Alexander Nwora

Erie Kats
- Title: Head coach
- League: NJCAA

Personal information
- Born: December 16, 1968 (age 57) Onitsha, Nigeria
- Nationality: Nigerian
- Listed height: 6 ft 4 in (1.93 m)

Career information
- College: Daemen (1989–1993)
- Playing career: 1989–1993
- Position: Small forward
- Number: 34

Career history

Coaching
- 1996–1999: Medaille College (assistant)
- 1999–present: ECC
- 2009–2013: Cape Verde
- 2017–2019: Nigeria

Career highlights
- As player: Daemen Athletics Hall of Fame (1993); As coach: 8× NJCAA Region III champion (2001, 2004, 2008, 2011, 2012, 2018, 2019, 2020); 6× NJCAA Coach of the Year (2001, 2008, 2010, 2018, 2019, 2020);

= Alexander Nwora =

American basketball coach

Alexander Nwora is a Nigerian basketball coach of Erie Community College.
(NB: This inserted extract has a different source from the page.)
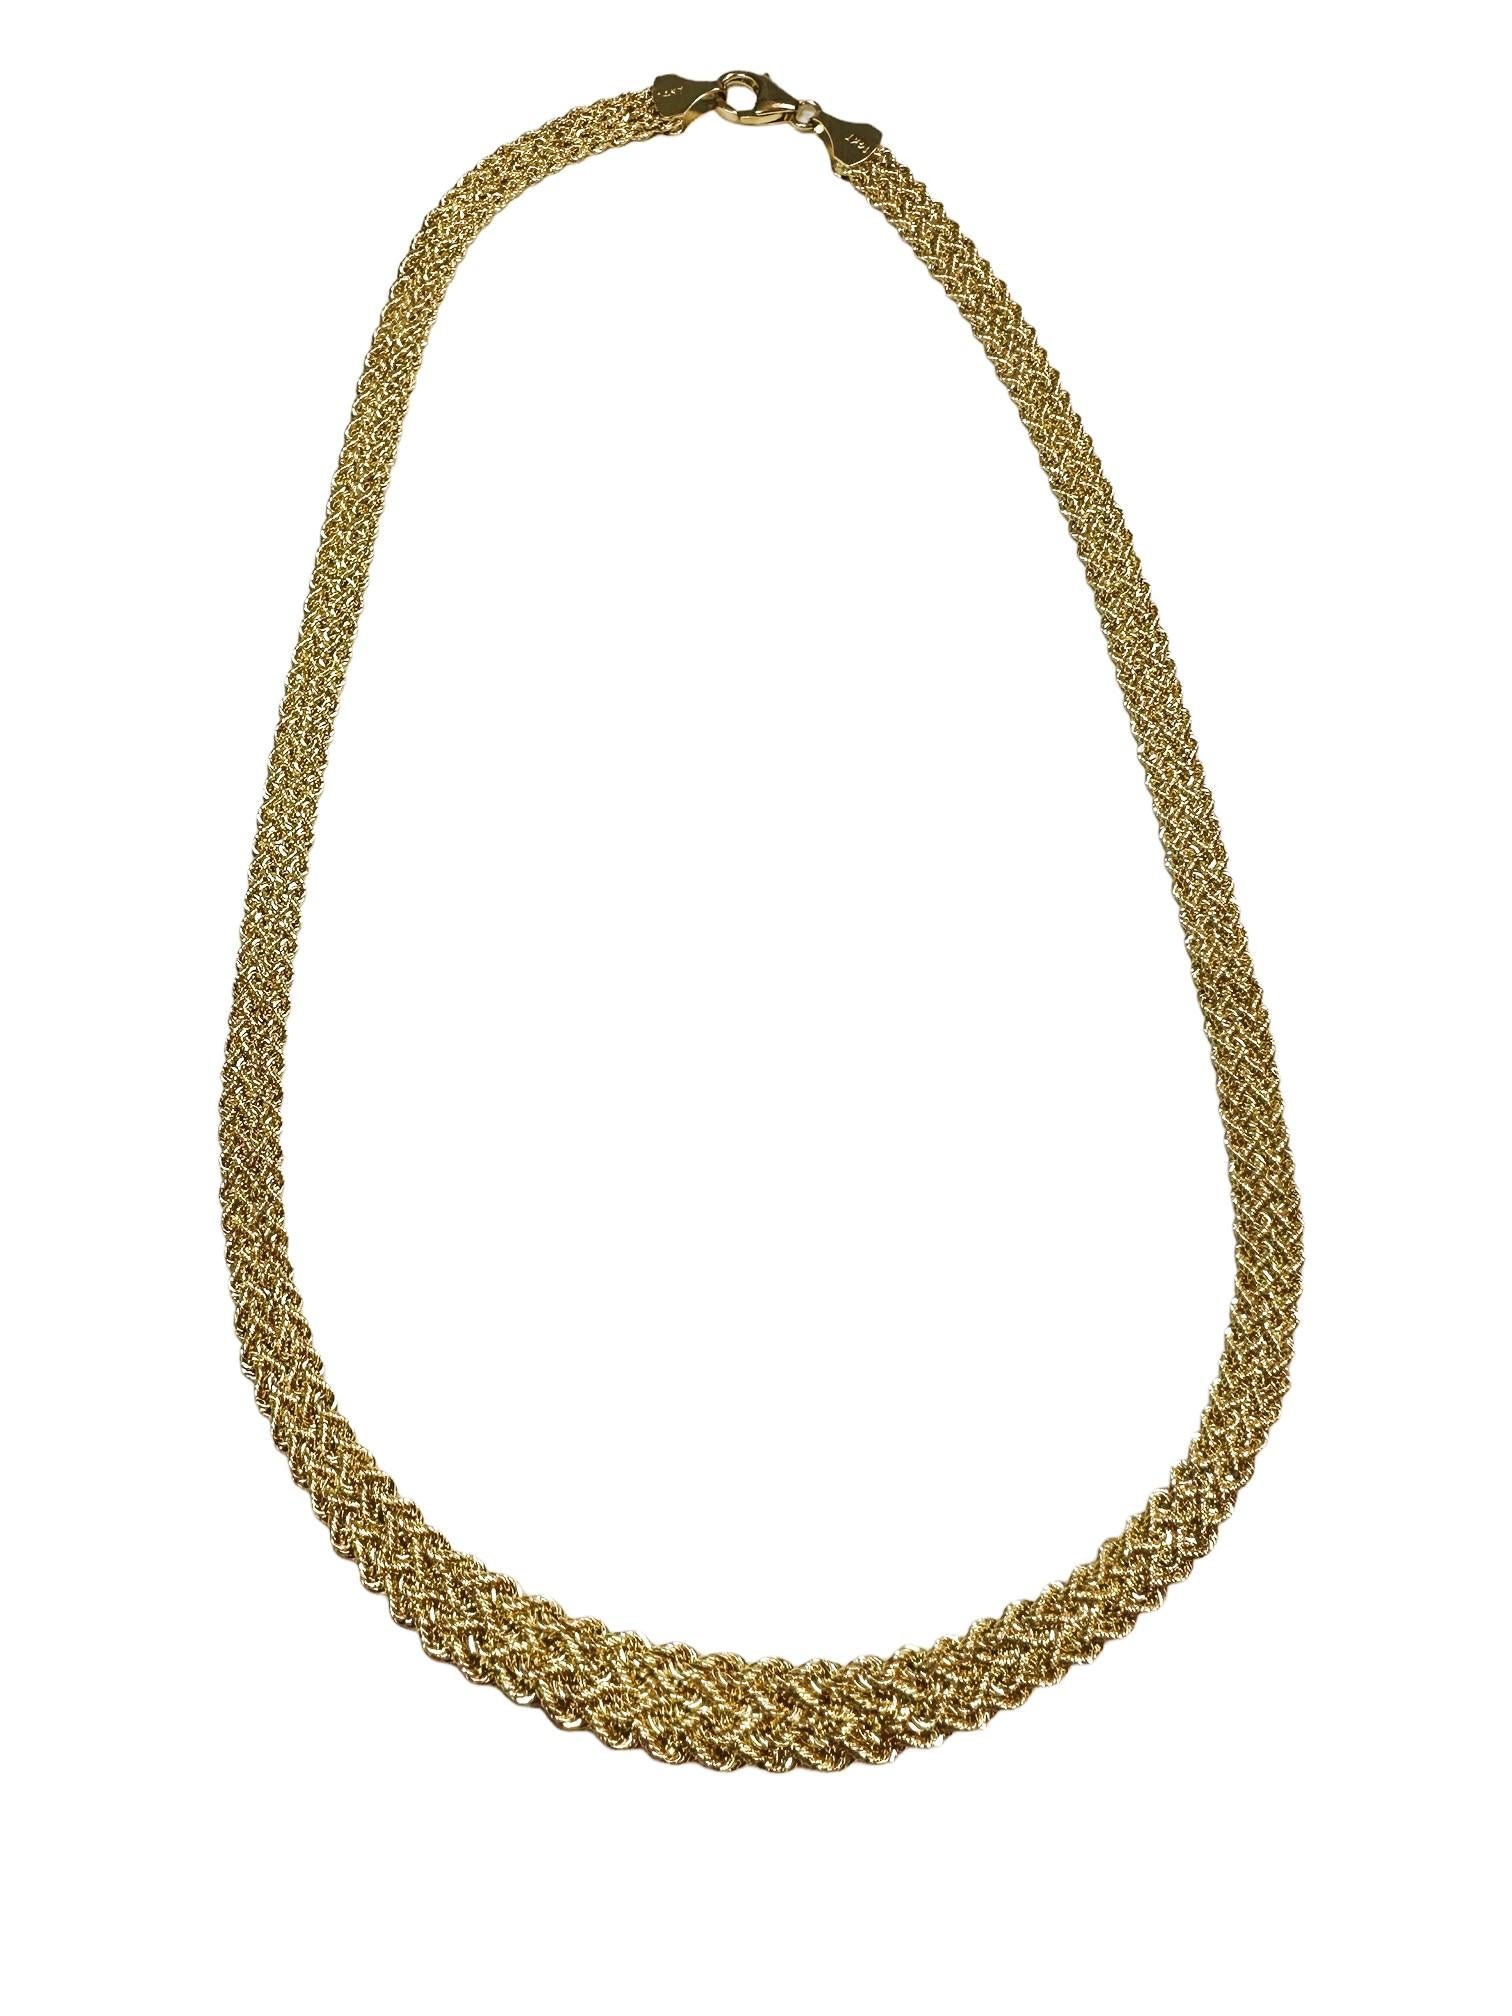 14k Yellow Gold Graduated Wove Aurafin Italian Necklace 16 Inches For Sale 1

He formerly coached the Cape Verde men's national basketball team and Nigeria men's national basketball team.

==Early life==
Nwora was born in Onitsha, Nigeria.

He played at Daemen College under Richard Jacob and Don Silveri. Nwora later played for the International All-Stars, the touring opponents of the Harlem Globetrotters. He was inducted into the Daemen Athletics Hall of Fame in 1993.

== Coaching career ==

Nwora served as assistant coach under Richard Jacob at Medaille College, and replaced Reggie Witherspoon as Erie Community College head coach in 1999. He has captured eight NJCAA Region III championships while head coach of Erie Community College, and was named NJCAA Coach of the Year six times.

He was head coach of the Cape Verde men's national basketball team from 2009 to 2013, and led the team to AfroBasket 2013.

Nwora was head coach of the Nigeria men's national basketball team from 2017 to 2019, and led them to a silver medal at FIBA AfroBasket 2017.

==Personal life==
He is married to Amy, a professor of occupational therapy. They have four children, with Jordan competing in the National Basketball Association.

During the 2019 FIBA Basketball World Cup qualifiers that took place in Lagos, Alexander and Jordan became the first Nigerian father and son to represent their national team at the same time.